Unosił się, spoglądając na wszystkich po kolei. Każdy był nad czymś pochylony i niezbyt zwracali na niego uwagę. Westchnął i usiadł w jednym z foteli.
-Ustalmy fakty.
Poprosił Harry, przerywając ciszę po pewnym czasie.
-Dumbledore jest mordercą. Znamy przynajmniej 5 jego ofiar. Nie wiemy, ilu uczniów dokładnie zabił. Wiemy też, że współpracuje z Grindelwaldem.
Zaczęła Hermiona, odkładając pamiętnik dyrektora, który analizowała.
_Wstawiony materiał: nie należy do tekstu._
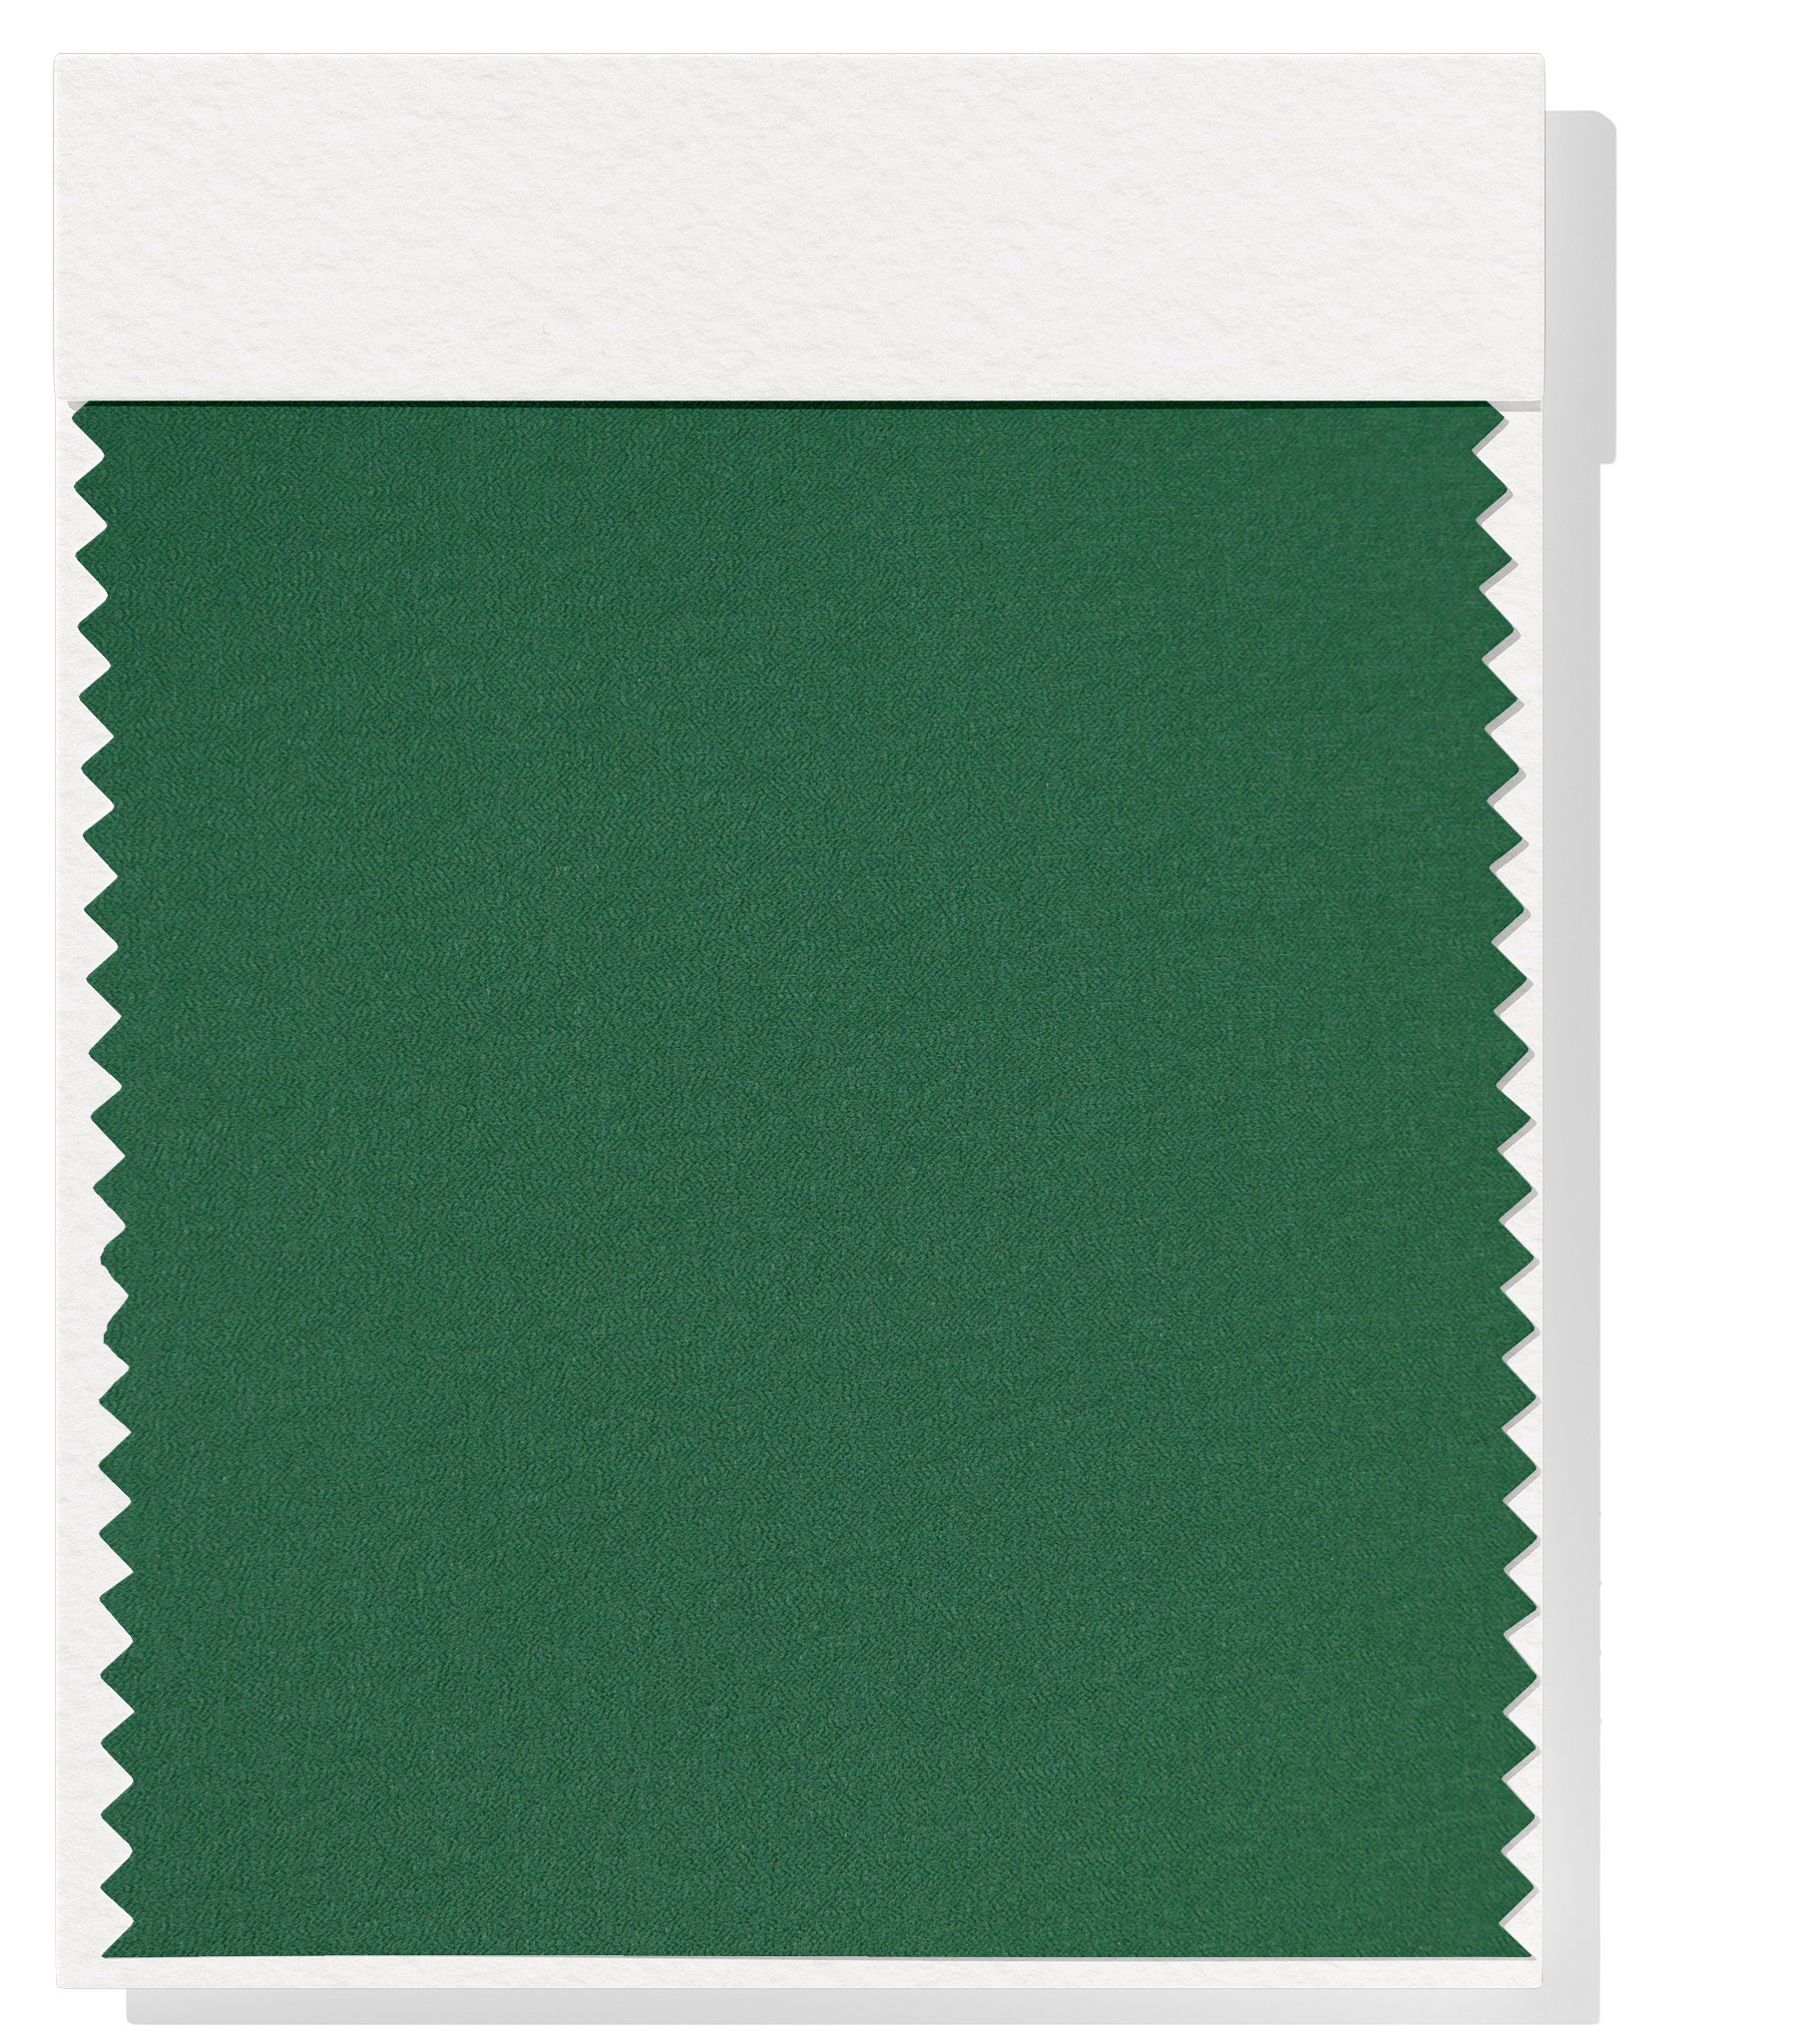 Pearl Chiffon $10.00p/m - Emerald
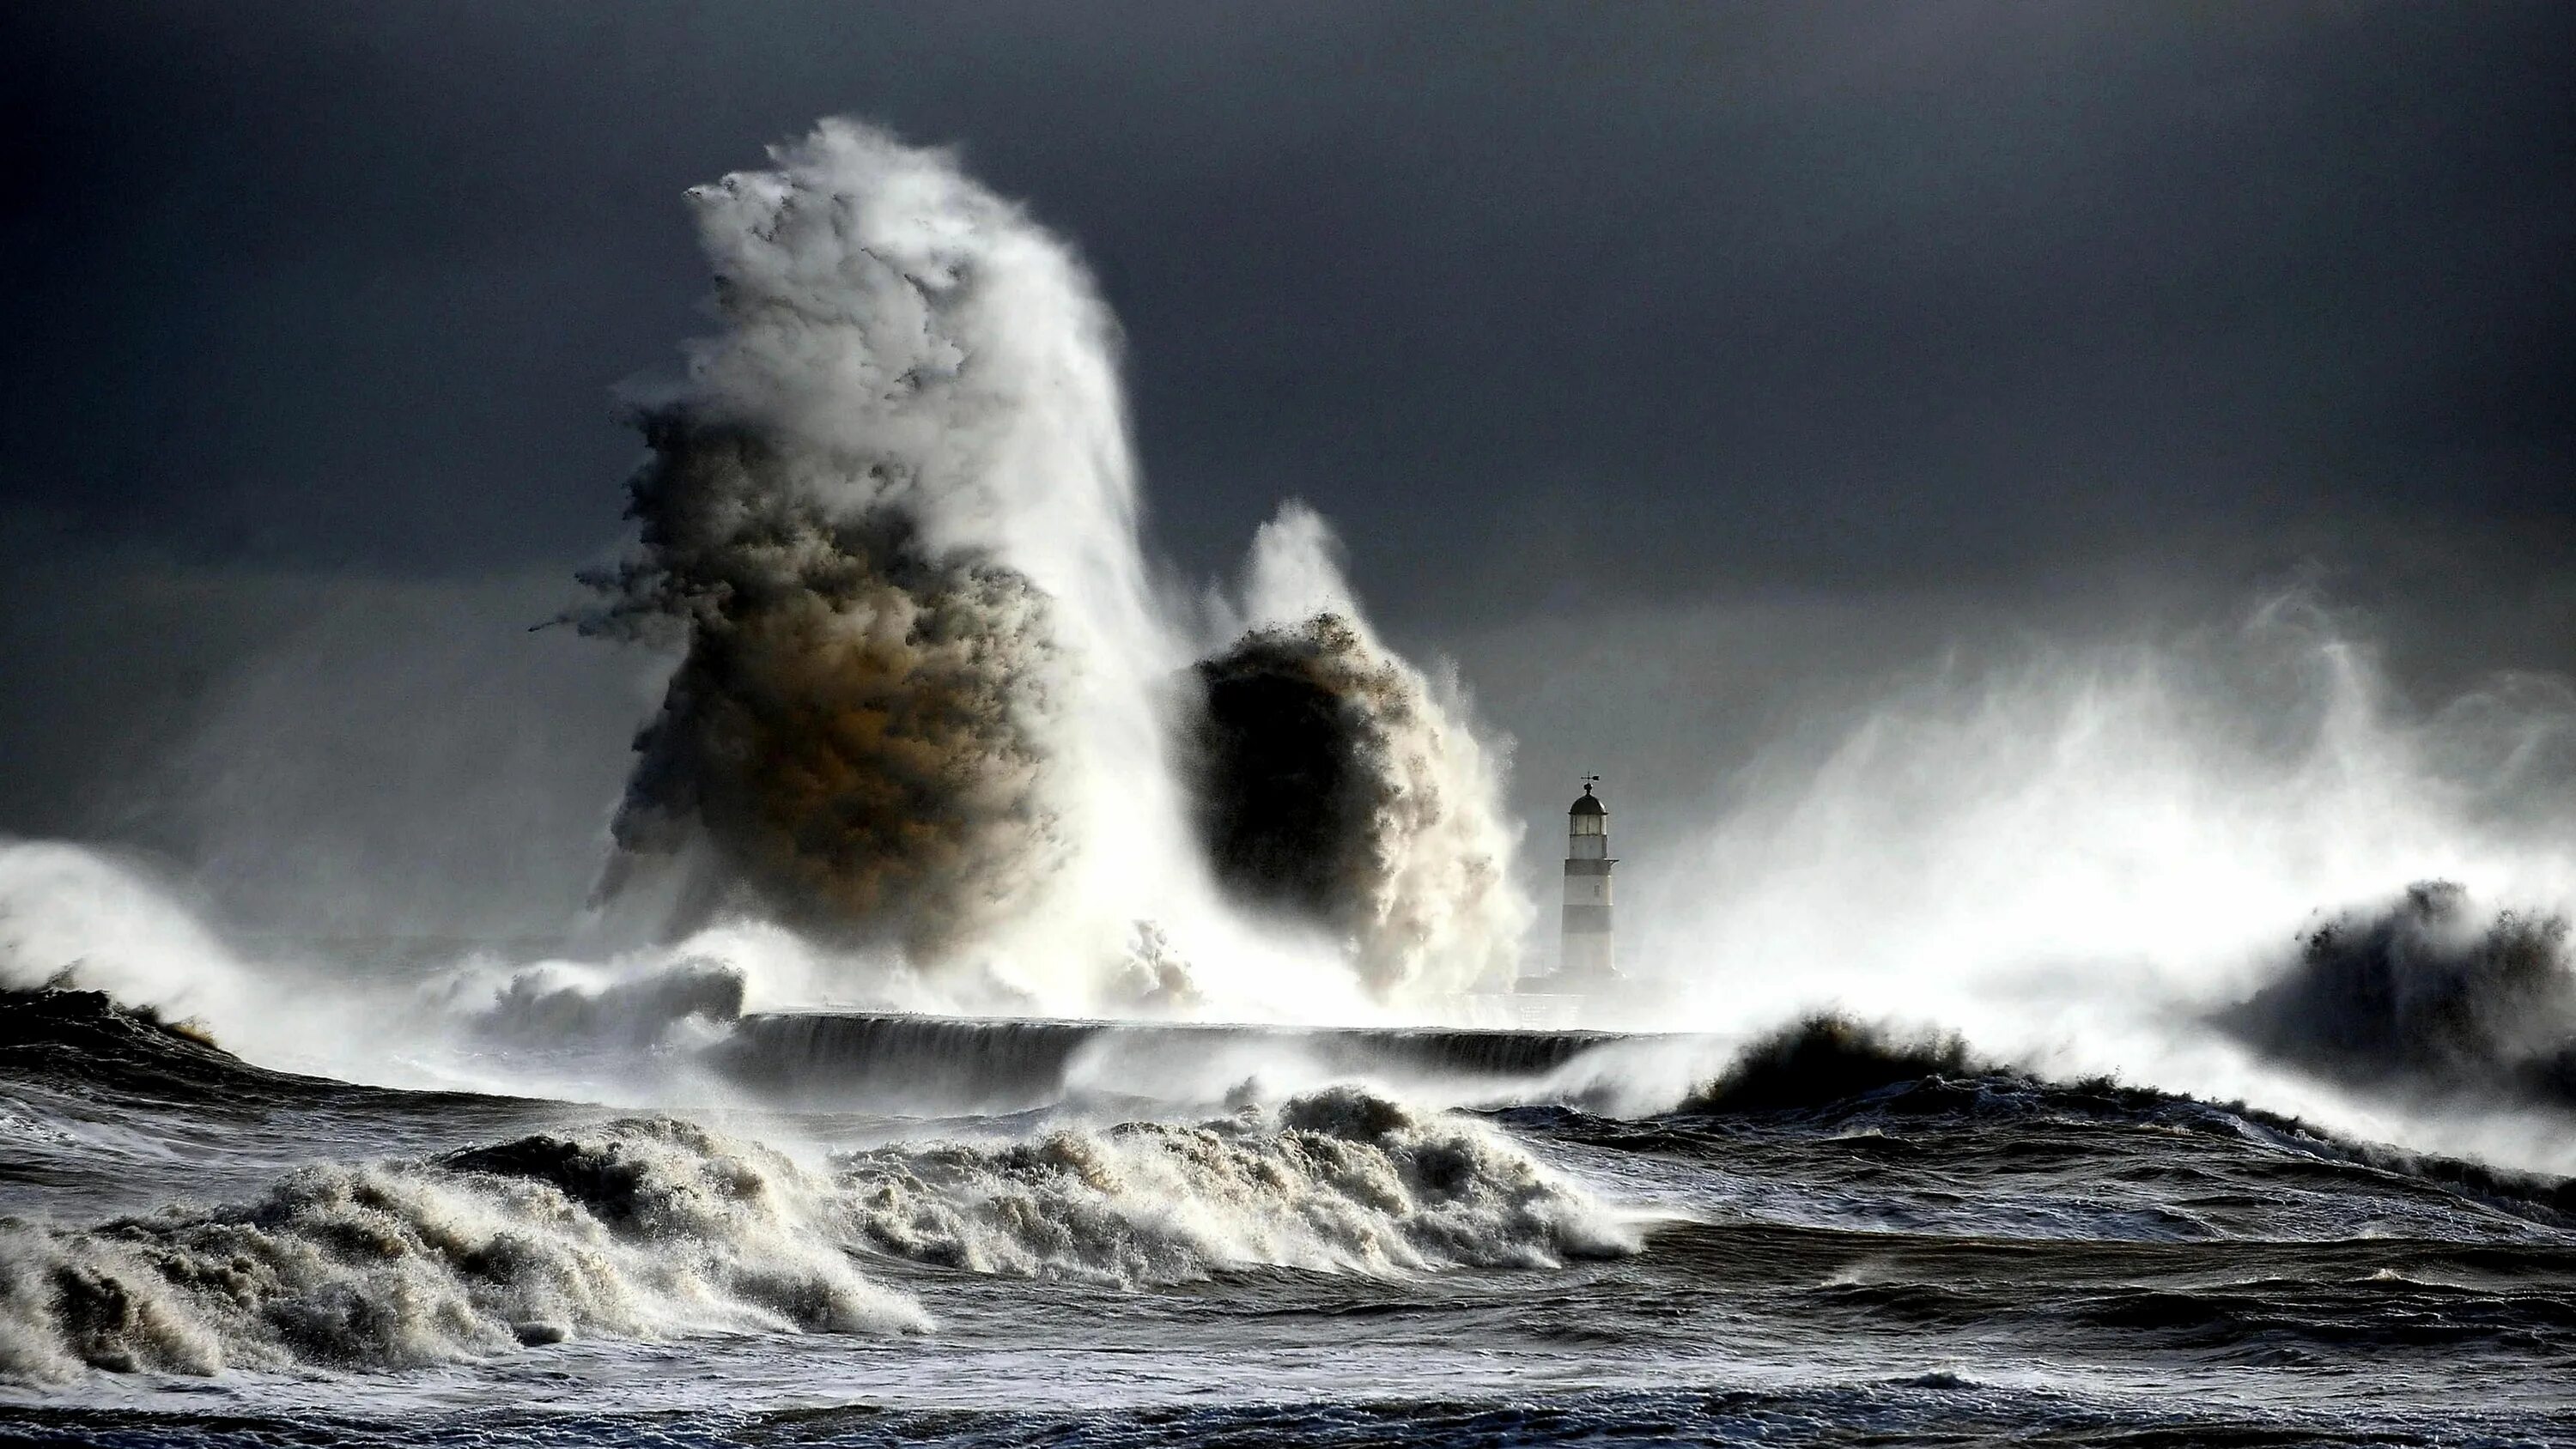 Карское море шторм. Атлантический океан шторм. Море океан волны шторм ЦУНАМИ. Вулкан Креницына волны шторм. Волна жизни 10

-Grindelwald był uczniem Durmstrangu i przyjacielem Dumbledore'a. Jest wielkim czarnoksiężnikiem, bardzo potężnym. Siał terror w Europie w zeszłym stuleciu. Został wyrzucony ze szkoły w wieku 16 lat za praktyki czarnomagiczne. Miał własną, bardzo potężną armię, chociaż nawet sam Dumbledore ledwo mu dorównywał. Jego hasłem są słowa "Dla większego dobra" i tak usprawiedliwiał swoje działania. Jest o wiele potężniejszy od Voldemorta, nie da się tak łatwo. Ostatni raz jego obecność zarejestrowano kilka lat temu w Paryżu.
Wyjaśnił Draco, co nie było dla nikogo zaskoczeniem. Jako dziedzic szlachetnej rodziny wiedział wiele o czarodziejach, szczególnie tych wielkich i czystej krwi.
-Mają zamiar przejąć Ministerstwo Magii i zabić Knota.
Dodał Ron. Cho Chang siedziała i skrupulatnie zapisywała każde słowo dyskusji. Nie chcieli używać magicznego pióra, gdyż można było po samym piórze wywnioskować, co nim zapisano.
-Dumbledore operuje magią niewerbalną i tą bez użycia różdżki o wiele lepiej, niż ja. Zna też o wiele więcej zaklęć. Moim zdaniem powinniśmy skupić się na nauce zaklęć obronnych, bitewnych, leczniczych i tak zwanych zaklęciach wyjścia.
Rzucił Harry, na co wszyscy mu przytaknęli.
-Aurorzy zapewnią ochronę Knotowi, ale ludzie muszą mieć symbol nadziei.
Zauważyła McGonagall.
-Tak, ale tym zajmiemy się, gdy zorganizujemy już cały plan. Trzeba zauważyć, że Dumbledore nie znał zaklęć, których użyłeś, Harry.
Ten istotny fakt, który przytoczył Fred, umknął wszystkich do tej pory. Na ustach Harry'ego wykwitł uśmiech.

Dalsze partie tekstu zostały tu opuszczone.